Are there more stars in the sky of the Southern Hemisphere?

Again I quote from Borges' essay "The Divine Comedy," the content of which was a lecture he gave in Buenos Aires in 1977:
They [Ulysses and his crew] sail and leave behind Ceuta and Seville, enter the open sea, and turn toward the left... Then he tells us, "in the night I saw all the stars of the other hemisphere" -  our hemisphere, the Southern, full of stars.  (The great Irish poet Yeats speaks of the "starladen sky."  That is untrue in the Northern Hemisphere, where there are few stars compared to ours.)
I suppose I could search the answer online, but there must be a reader out there who has lived in both hemispheres, or who has a sufficient knowledge of astronomy to answer the question.

6 comments:

  1. I left this overnight and no-one has commented, so I'll take a stab at it.

    I believe the number of individually discernable stars is roughly the same in both hemispheres.

    However, what IS true is that the Southern Hemisphere is tilted more towards the centre of the galaxy (which is in Saggitarius), showing more of the bigger and brighter parts of the Milky Way.
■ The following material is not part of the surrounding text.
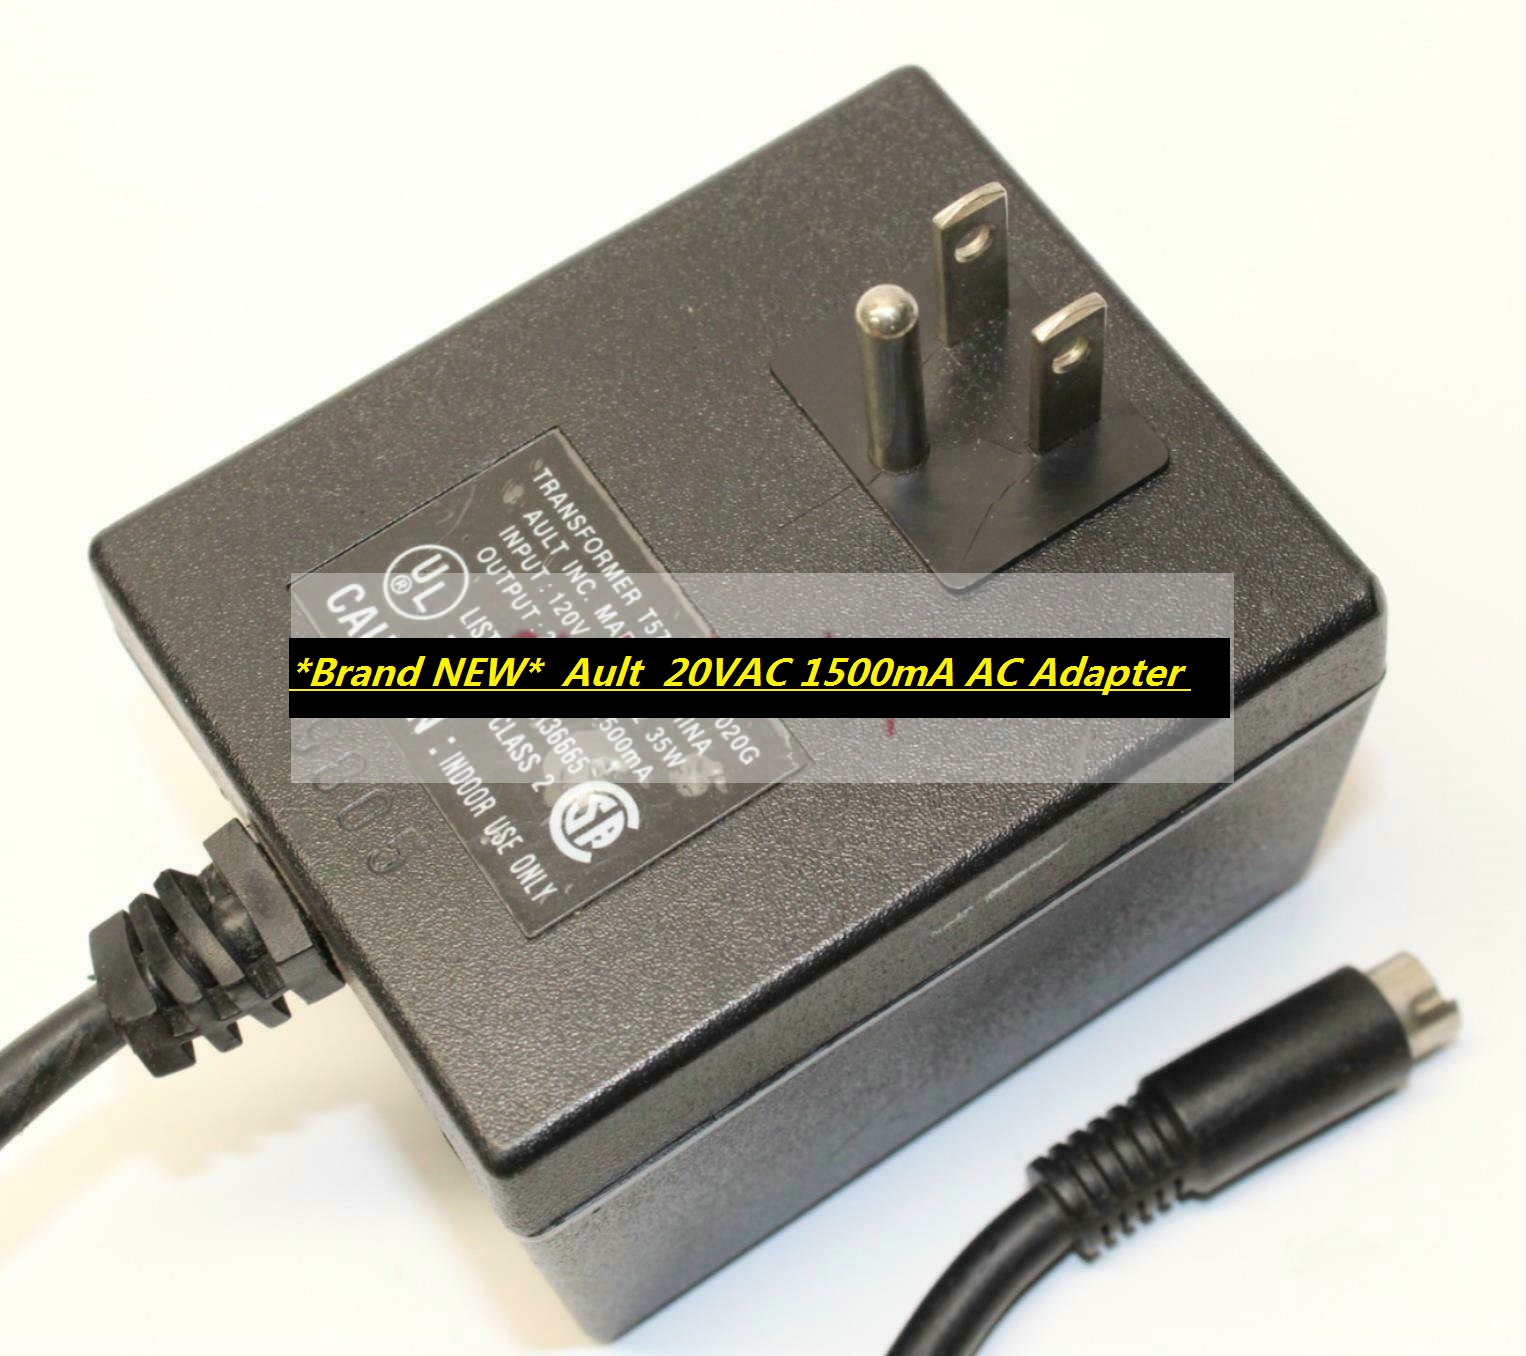 *Brand NEW* 20VAC 1500mA AC Adapter Ault T57201500C020G Class 2 Transformer Power Supply

Plus, there's the Magellanic Clouds.

    This difference in the prominence of the galactic cloud of distant, indistinguishable stars might make the Southern Hemisphere sky seem more "full", perhaps producing the illusion of more individually discernable stars even if that's not actually the case.

    ReplyDelete
    Replies
    1. Thanks, Adrian. When nobody responded to my inquiry, I decided to Google the question, and came up with this apparently reasonable commentary from a New York Times article -

      http://www.nytimes.com/2014/12/28/opinion/sunday/stargazing-is-better-in-the-southern-hemisphere.html?_r=0

      Delete
  2. Hi,
    From the article below it appears there are 51.3% stars in the southern celestial sphere visible with the naked eye;
    https://www.reddit.com/r/askscience/comments/1rjlhn/can_we_view_more_stars_in_the_northern/


    My initial thoughts are that that is only wholly valid standing at one of the poles, as at my latitude of about 52'N I can see Sirius which is a southern hemisphere star, and stood just north of the equator I could see almost all of both.

    There might be more interesting stars in the south but I use the north star Polaris too much to give it up easily - out later than expected too often in places we don't really know!

    Happy New Year to you and yours.
    another phil

    ReplyDelete
  3. I see you got some answers. You got me curious so I looked it up too. Here's what Parade says and it makes sense:

    More stars are indeed visible with the unaided eye from the southern hemisphere, but not because more stars exist in that direction of the universe. The reason is that the South Pole is oriented toward the center of the Milky Way, our own galaxy. It’s easier to see those relatively nearby stars than stars that are farther away

    http://parade.com/411043/marilynvossavant/are-more-stars-visible-in-south-america-than-north/

    I love this quote from the NYT: “In astronomy circles it is often remarked — mostly by envious northerners — that God, in creating the universe, perversely located all the most interesting regions of our galaxy in the Southern Hemisphere, but all the astronomers in the north."

    ReplyDelete
  4. What Geranium quoted from Marilyn vos Savant is generally true, but probably misleading. We do not see (with the unaided eye) stars near the center of the Milky Way, so those do not count except, as Adrian noted, to create brighter areas in the sky.

    We see more stars in the southern hemisphere of the sky primarily because the solar system is (currently) "north" of the galactic disc.

    Further, it may be significant to the _perception_ of Borges/others that the southern star population is not evenly distributed among the magnitudes (brightnesses). Considering only stars magnitude 2.00 or brighter, 58% are in the southern sky. (Source: Yale Bright Star Catalog version 5, from the Strasbourg Astronomical Data Center) Add to that the bright areas mentioned by Adrian ... oh, and differential clustering by season/right ascension ... more possible calculations ...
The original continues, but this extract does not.